アンブローズ・レストランは異常な食品や調理技術を喪ったが、どうにか正常なレストランチェーンとして存続出来た。
イェンロン料理研究会は未だに味の追及をやめていないが、異常食材なしではパッとしない。
弟の食料品店は端的に言うと、姿を消した。その足取りは未だ掴めない。
石榴倶楽部はこのまえ人肉食パーティが警察に露見し全メンバーが逮捕された。

殆どあらゆる異常組織はその異常とともに消え去るか、その方向性を大きく曲げざるを得なかった。



しかし、この闇寿司は違う。
アノマリーなどなくても我々のやることは変わらない。
寿司が回らなくなっても、精神酢飯漬けの奥義が喪われても、カイジュウキャビアだのなんだのがなくても、我々がすべきことは寿司の可能性の追求であり、寿司業界の改革・革命であり、寿司による世界征服である。

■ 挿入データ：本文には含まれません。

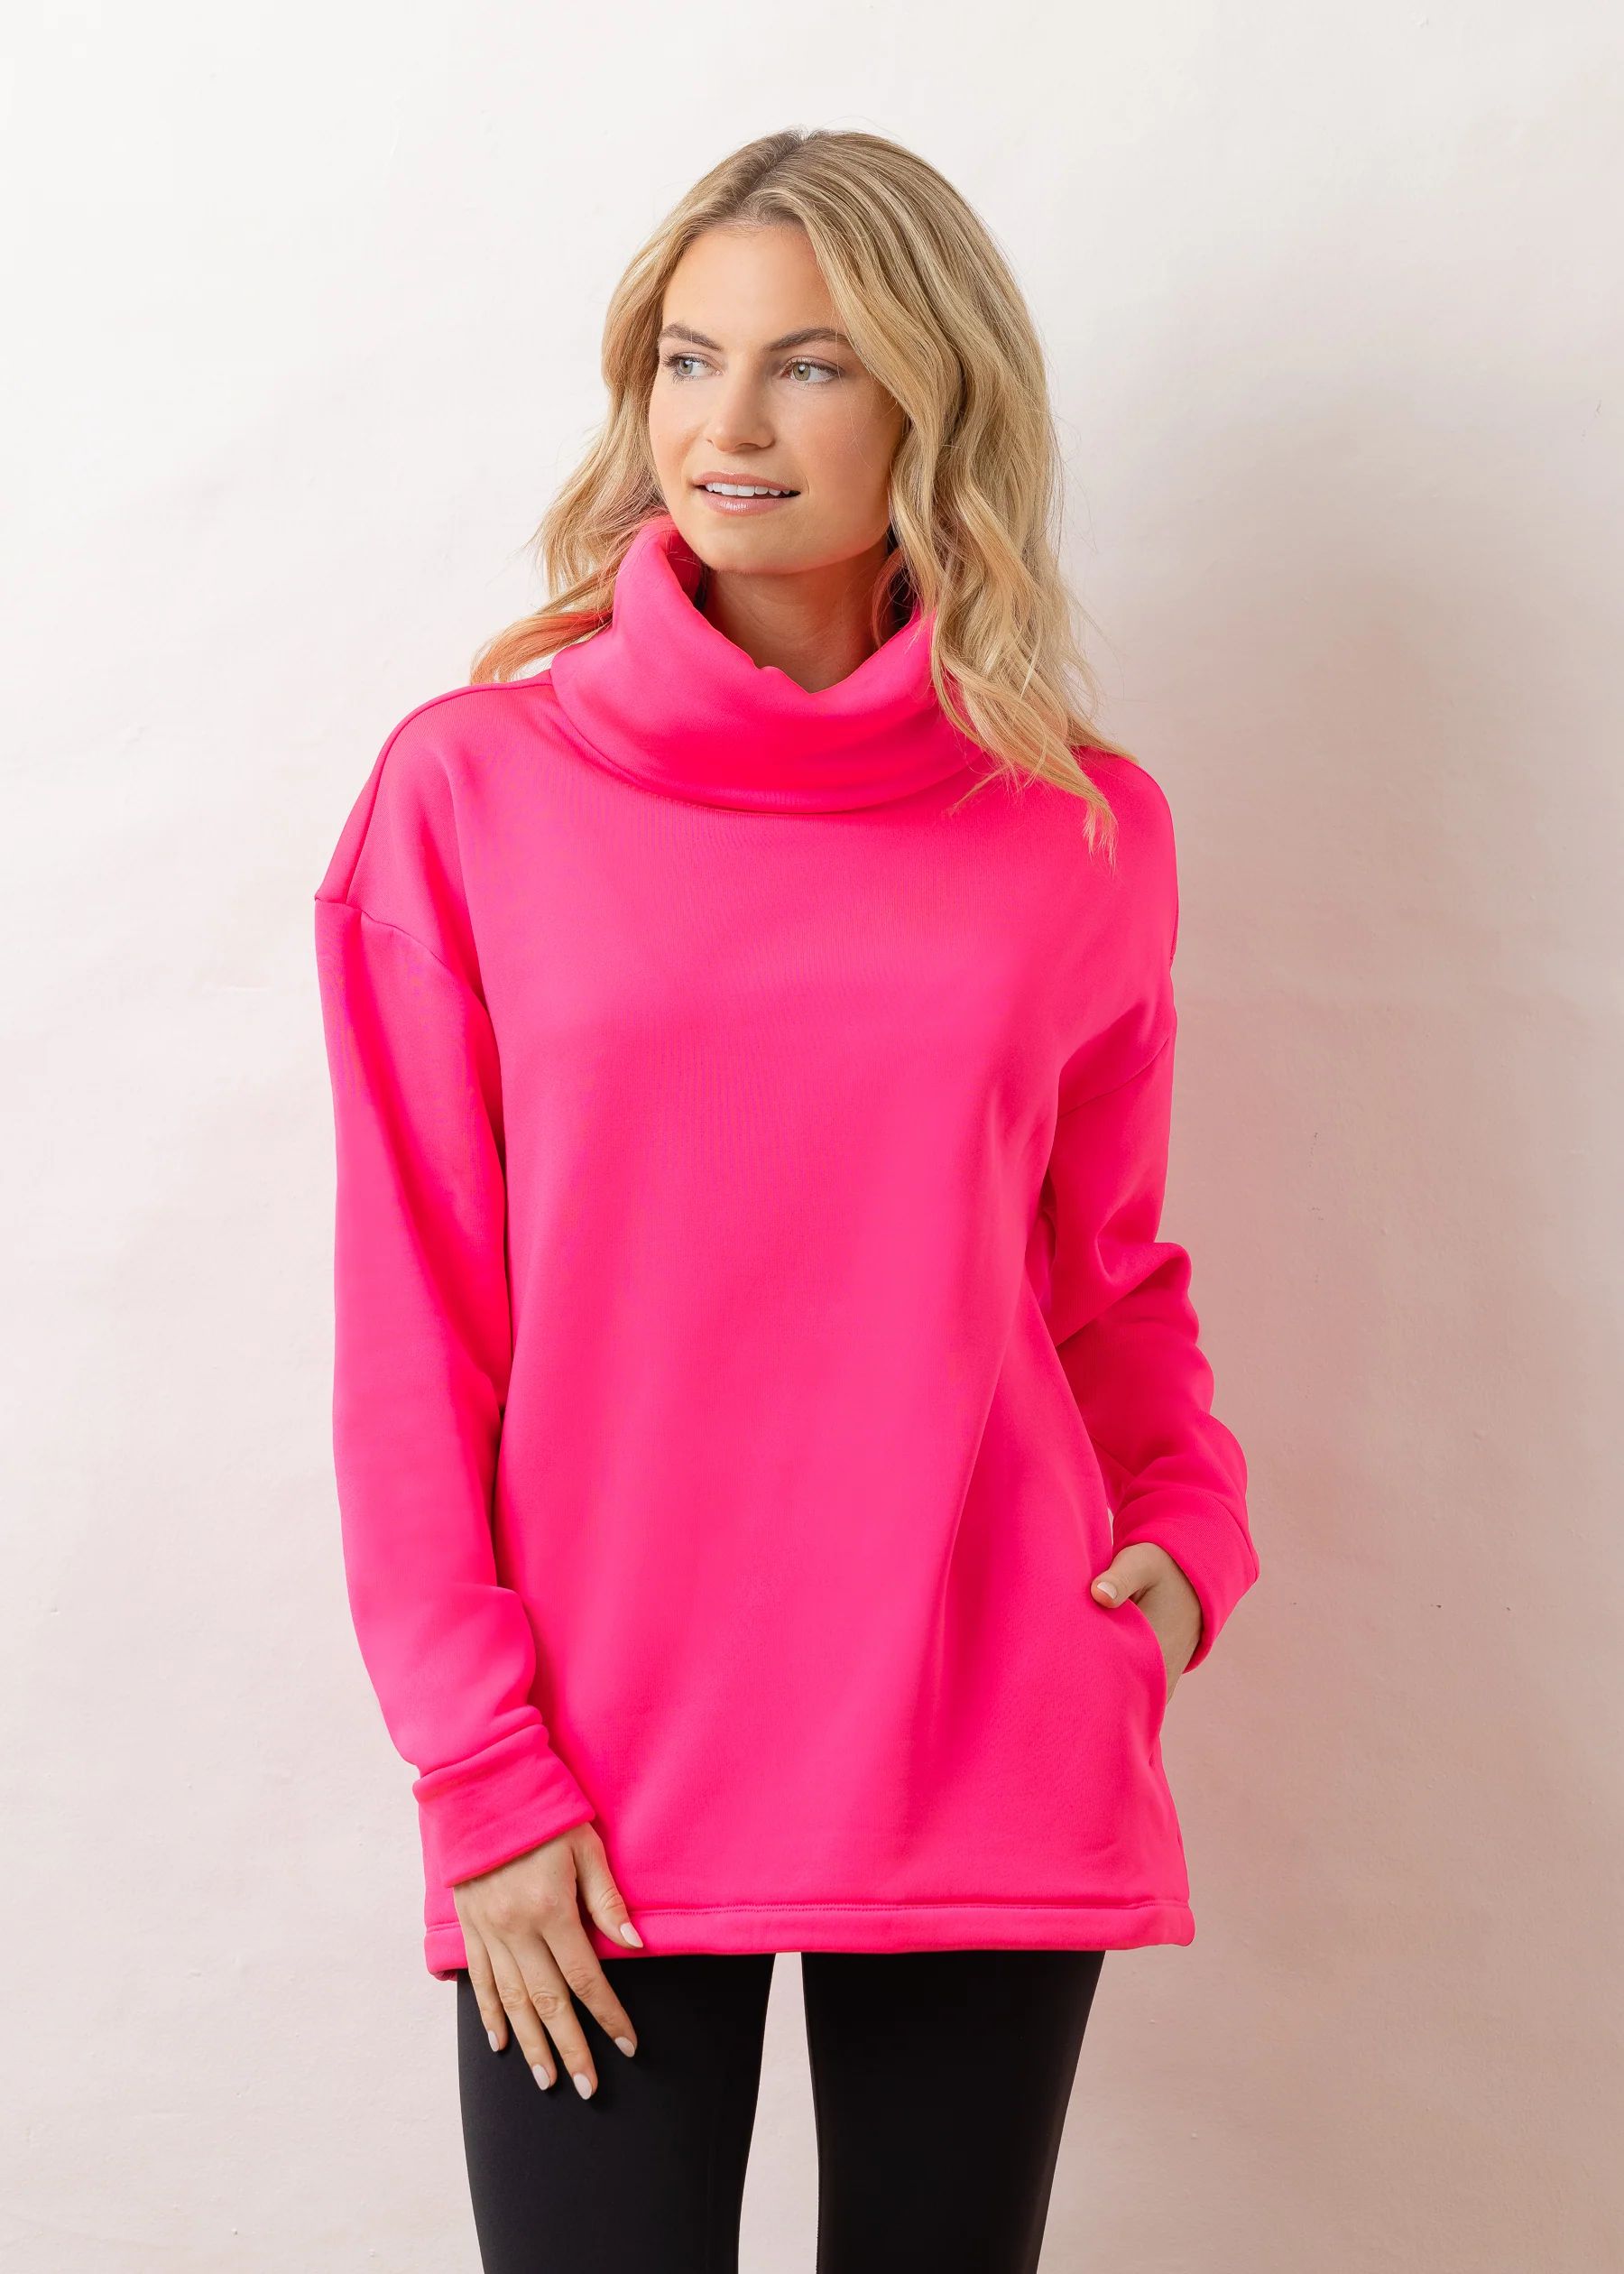 Clover Cocoon in Jersey Fleece (Neon Pink) | Dudley Stephens
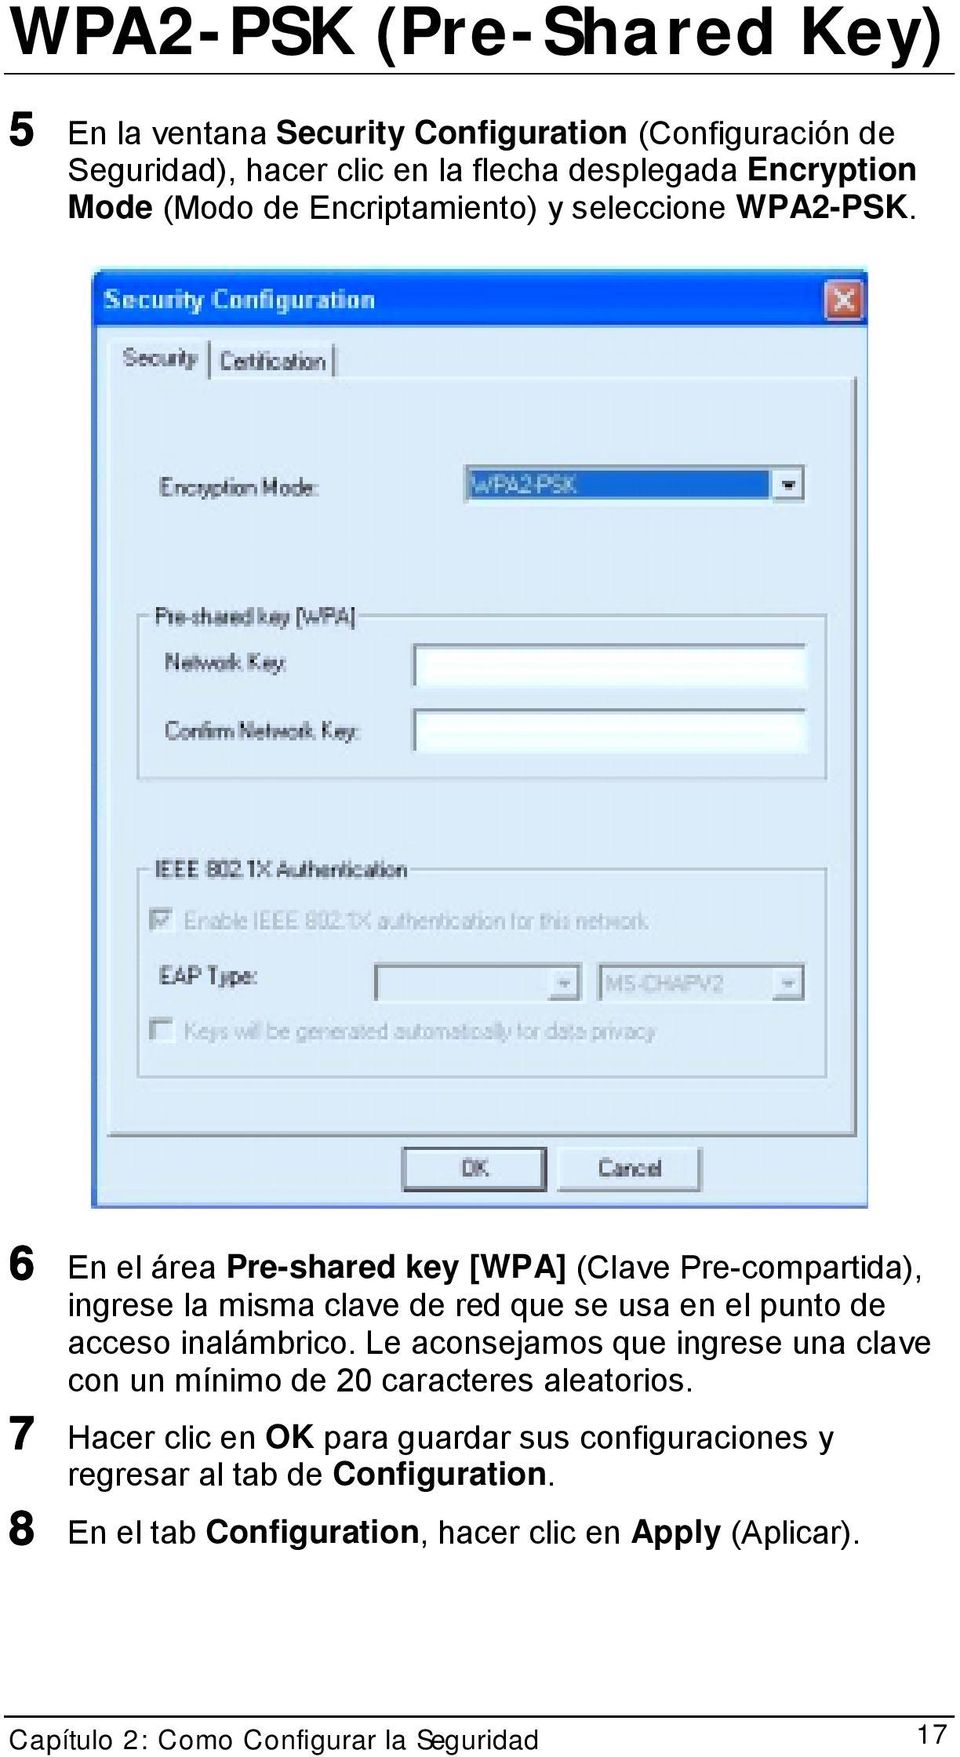 6 En el área Pre-shared key [WPA] (Clave Pre-compartida), ingrese la misma clave de red que se usa en el punto de acceso inalámbrico.

もちろん喪われたものも大きい。特に精神酢飯漬けによって構成員を増やせなくなったことは重大な問題だ。過去に酢飯漬けにした構成員も洗脳が解けつつある。
しかし闇寿司という組織は俺が作った新しいものだが、いうなれば闇寿司という思想は江戸時代に回らない寿司協会の前身たる江戸前寿司協会が成立した時からあった。
いやもっと言えば奈良時代になれずしが食べられてから、あるいは東南アジアの高地民が魚肉の長期保存法を産み出してから既に寿司の可能性への希求はあった。
極論すれば闇寿司思想は人類が、いや原始生命が食という行為を行った瞬間から存在したと言えるのだ。
であればこそ俺についてくる同志は未だに多く、異常が喪われても闇寿司は依然闇寿司として成立した。

無論それは回らない寿司協会も同様である。むしろ寿司アノマリーへの対処の必要が無くなったからか完全に増長している感すらある。
結局のところ、奴らは我らが倒さなければならない不倶戴天の敵なのだ。
安価な回転寿司屋が無くなり寿司文化が日本国民の手から離れようとする現状を見て、協会は正しい寿司が残ったと笑っているのだ!断固許すわけにはいくまい。


俺は今、決闘に臨んでいる。
無論、命の取り合いという訳ではない。寿司による美食対決である。
相手は表の世界の寿司職人だ。ヴェールも何もなくなったから表の世界というのもおかしな表現だが。
地上波生放送での料理対決といった具合になっている。
これに勝利することで、異常の喪われた世界において闇寿司は高い知名度を得ることができるだろう。
相手も凄腕のようだが、世界の闇の中で培われた技術は俺の誇りであり負ける気はしない。テレビ局とのコネを作っておいて本当に良かった。


各界の食通達が厳粛な顔をして審査員席に座っている。テレビ局のスタッフ達も真剣に我々を見つめていた。





「闇選手、それでは寿司をお出しください」
司会に名前を呼ばれた。審査員に寿司を振る舞う時間だ。









審査員は驚いて目を見開き、相手の寿司職人は恐れ慄く。スタッフ達は呆けたように口を開いたまま固まった。